Know what you stand for

Research shows that when a person stops being their authentic self it causes psychological distress, which can have ongoing emotional and physical ramifications.

It also impacts how the people around you perceive and relate to you. Colleagues will notice the disconnect between what you say and do.

Knowing what you stand for is the starting point, but it’s only useful if you’re then prepared to back yourself and your opinions when you face scrutiny and challenge.

Get intentional

Life’s busy and it’s easy to get distracted by things that can be interesting, but divert you from your goals.

Of course, it’s easier to focus when you know where you want to get to and the steps you need to take to get there.

This clarity of purpose makes it easier to know what you should say ‘no’ to. Saying ‘no’ helps you concentrate on what really matters so you can achieve what you set out to achieve.

Success is never a straight forward line of constant progress. Having a bounce-back mindset with the resilience and optimism to work through the inevitable challenges and set-backs is critical.

We all face challenges, and how we approach these challenges impacts whether they define us, confine us or liberate us.

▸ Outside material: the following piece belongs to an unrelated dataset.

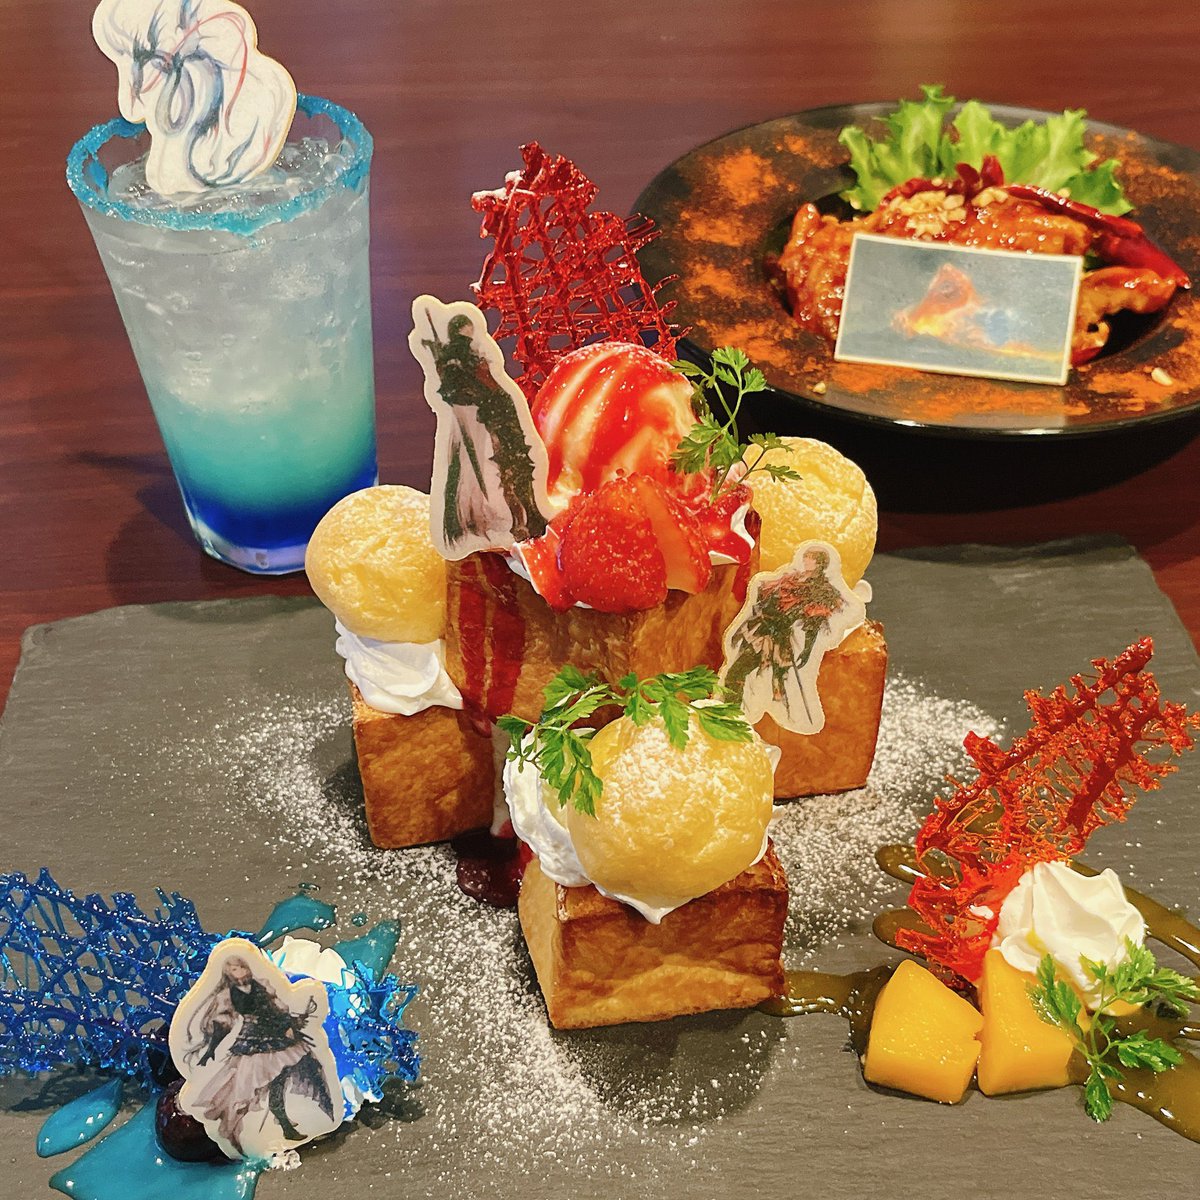 FF16 “Road to Mysidia” honey toast looks AMAZING? New FF16 Rising Tide DLC menu will be available at the Pasela karaoke resort in Akihabara includes the honey toast, Leviathan drink, and Drake’s Head chicken! 🔥🔥

Getting you ready for tomorrow, today. 

Michelle Gibbings is a change leadership and career expert and founder of Change Meridian. Michelle works with global leaders and teams to help them get fit for the future of work. She is the Author of ‘Step Up: How to Build Your Influence at Work’ and  ‘Career Leap: How to Reinvent and Liberate your Career’.  For more information: www.michellegibbings.com or contact michelle@michellegibbings.com.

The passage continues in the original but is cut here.